1. Schoenhage-Strassen
Example: for 66M (2^26 - k*2^15) bits, with k>15
1.1. Preparation
Pad the number with zeros to 2^27 bits. Split into 2^15 parts with 2^12 bits. To prepare the transform in the ring 2^13+1, we split the 2^13+1 bits into 512 words of 16 bits and put 4 of these into 4 dwords of a SSE2 register using only the lower 16 bits, reserving the upper 16 bits to hold the overflow after additions.
Total clocks: 0 (static structure)
1.2. Outer NTT:
1.2.1 Do 2^7 transforms of length 2^8.
All required roots are shifts larger than 16 bits, and can be efficiently performed by changing the order of loads, so an optimal implementation will do 2 paddd(or psubd)/clock resp. 0.125 clocks/word.
Clocks: 0.125*512*2^7*2^8*8 = 16,777,216
1.2.2 Twiddle & transpose the results of the previous step.
Every 2nd twiddle requires one extra addition (sqrt(2)-trick). The shifting and carrying can be combined and requires two shifts, one addition, and one logical operation. An optimal implementation will require the logical operation to go to port #1 on Core2, which cannot be used by any of the other instructions. The two shifts can only go to port #0 so we get 2 cycles/4 words=0.5 cycles/word.
Clocks: 0.5*512*2^15 = 8,388,608
1.2.3 Do 2^8 transforms of length 2^7 analog to step 1.2.1.
Clocks: 0.125*512*2^7*2^8*7 = 14,680,064
1.2.4 Perform final carrying:
If done properly, the required shift, add, and will go to three different ports: 1 cycle/4 words
Clocks: 0.25*512*2^7*2^8 = 4,194,304
Total clocks: 44,040,192
1.3. Inner NTT:
1.3.1 Preparation
Group 4 words of the 512 words from step 1 to form moduli and perform negacyclic weighting (multiplying by 256th roots) by shifts, which only takes 0.125 cycles/word as the other half of the the words are zero.
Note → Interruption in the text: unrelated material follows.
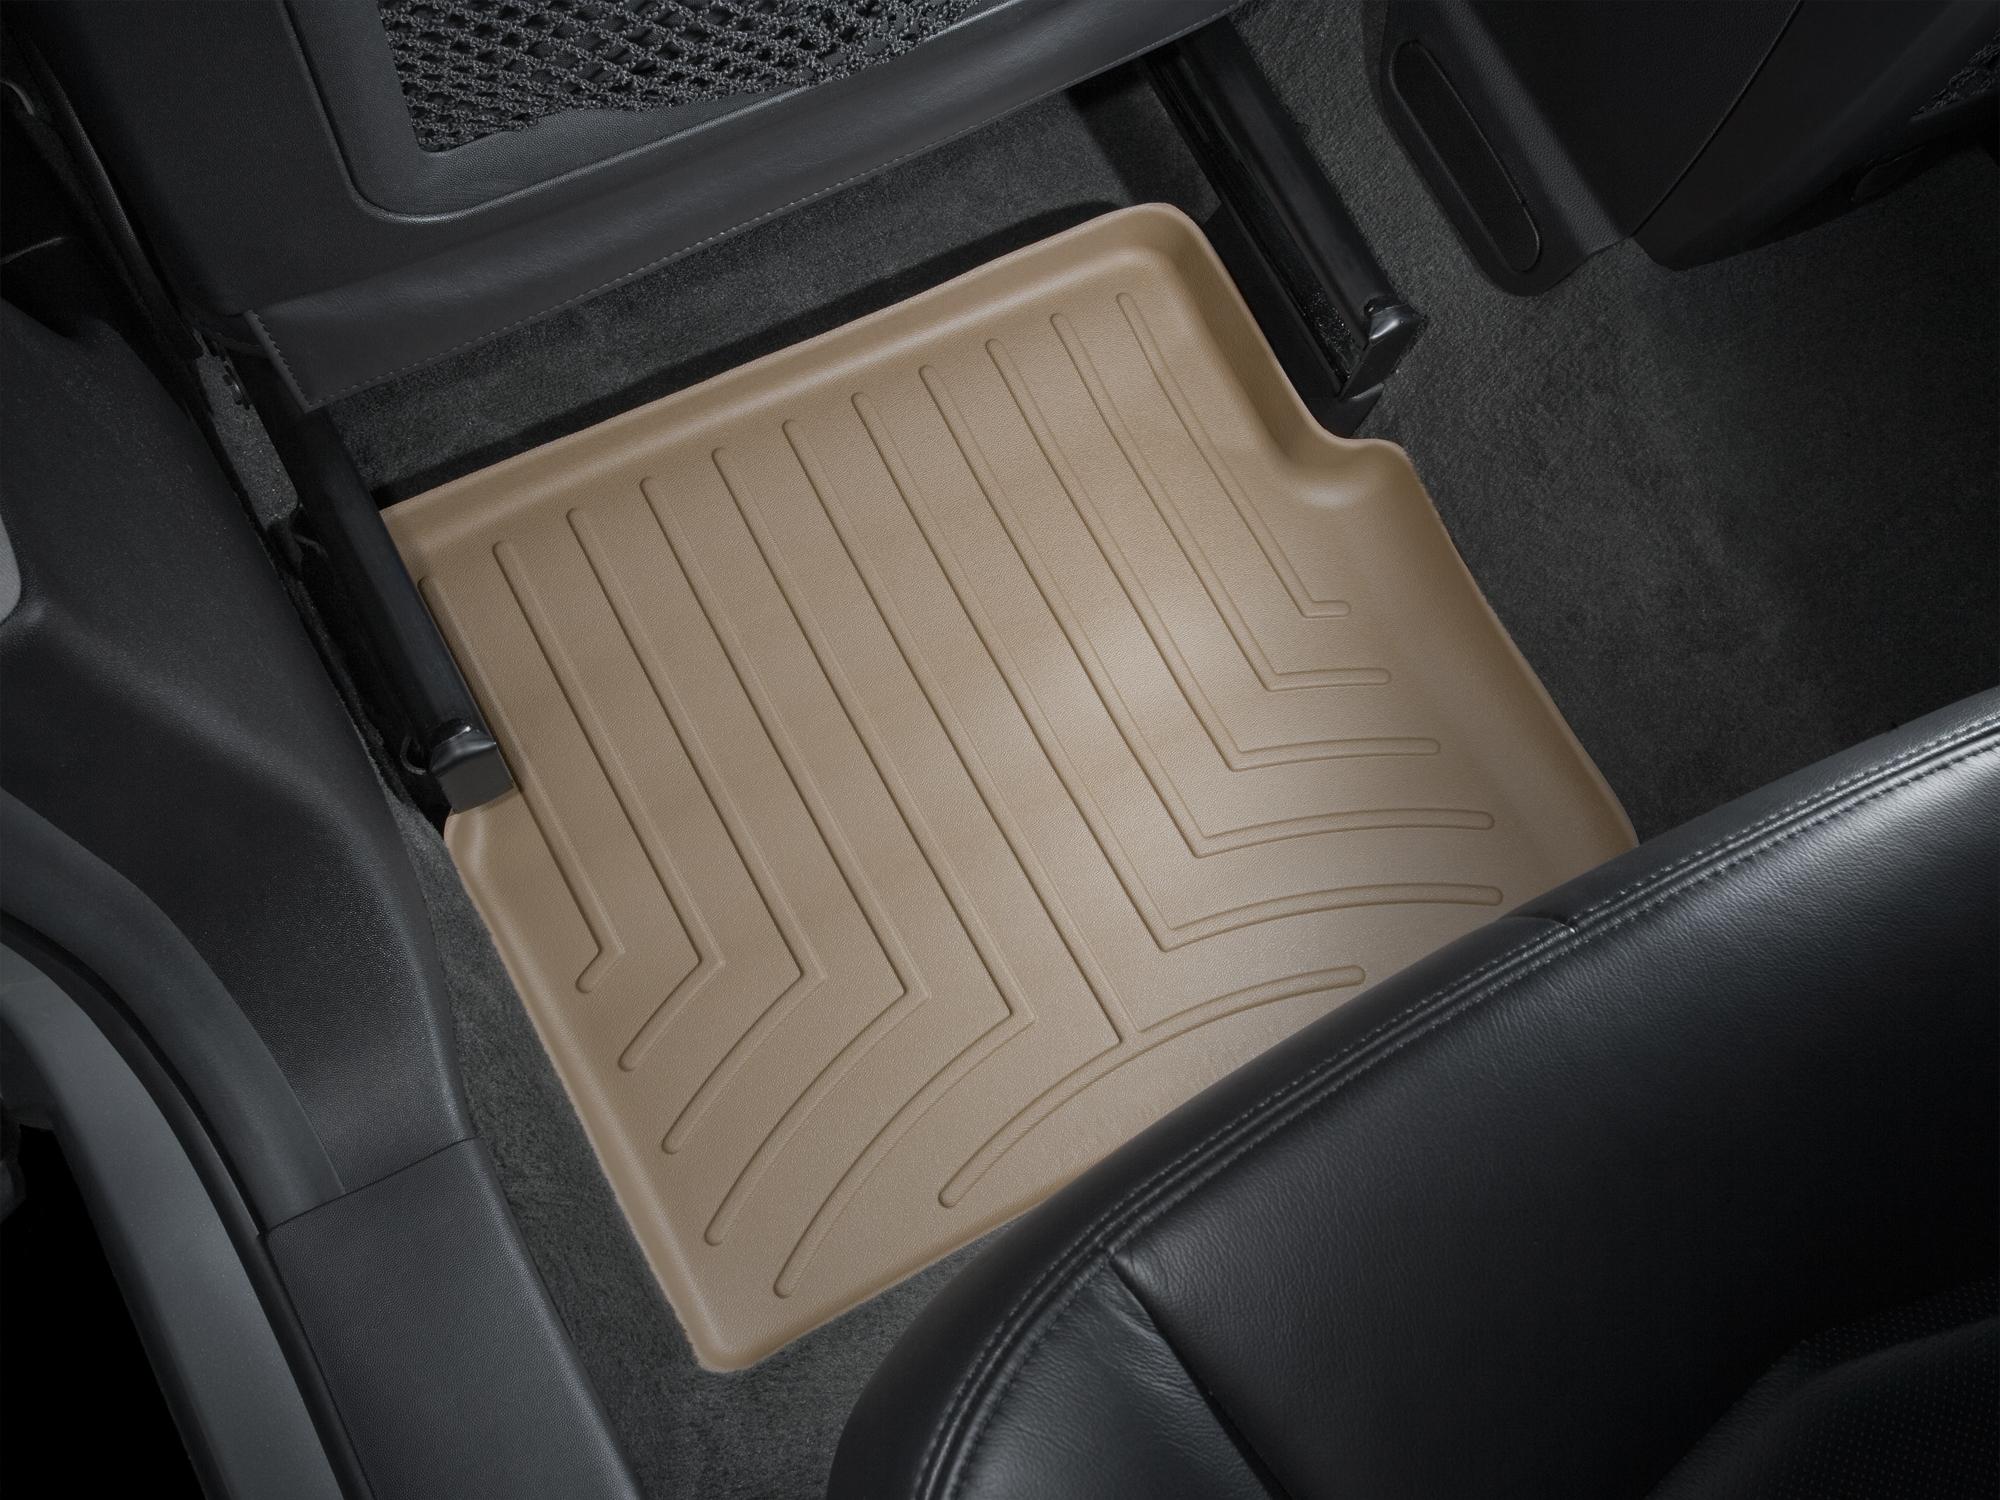 Tappeti gomma su misura bordo alto Cadillac SRX 04>09 Marrone A76*

An immediate tweak would be to replace the following additions with logical or, which has a 1.5x higher throughput.
Clocks: 0.125*512*2^15 = 2,097,152
1.3.2 Transform
Perform an NTT analog to step 1.2.x., but with a balance of 4/3 instead of 8/7.
Clocks: 8*(0.125*7 + 0.5 + 0.125)*2^7*2^15 = 50,331,648
1.3.3 Harlan's Trick
The result of the previous step requires 136 bits, so the top 8 bits have been wrapped around and have been subtracted from the bottom 8 bits.
Fix: Do another transform with modulus 2^128+1, putting the bottom 8 bits of every 4th word from step 1.2.4, into every second word, do a negacyclic convolution of length 2^5, subtract the bottom 8 bits in every second word to the result of step 1.3.2. and reconstruct the upper bits for the carrying after the convolution.
Harlan's trick only adds 25% to the runtime of the inner NTT, not 100%.
Total Clocks: 50,331,648*1.25 = 62,914,560
1.4 Pointwise multiply
For sake of simplicity, let's assume that squaring a 128 bit-number requires three 64x64->128 multiplies at 4 clocks each. This instruction goes to port #1, so most of the 12 cycles will be hidden, and the total clocks are more likely to be determined by packing and unpacking 16-bit values.
Clocks: 12*1.25*2^7*2^15 = 62,914,560
1.5 Total clocks
2x step 1.2 + 2x step 1.3 + step 1.4 = 232,783,872
Or about 0.116 ms on a 2Ghz Core2, which is just as fast as prime95. Things get really interesting if one considers that only a maximum of 24 bits of the 32 bit words were actually used, so there is potential for a 50% speed-up, if someone can figure out how to use 24 bits instead of 16, keeping most roots free, without any significant increase in instruction count.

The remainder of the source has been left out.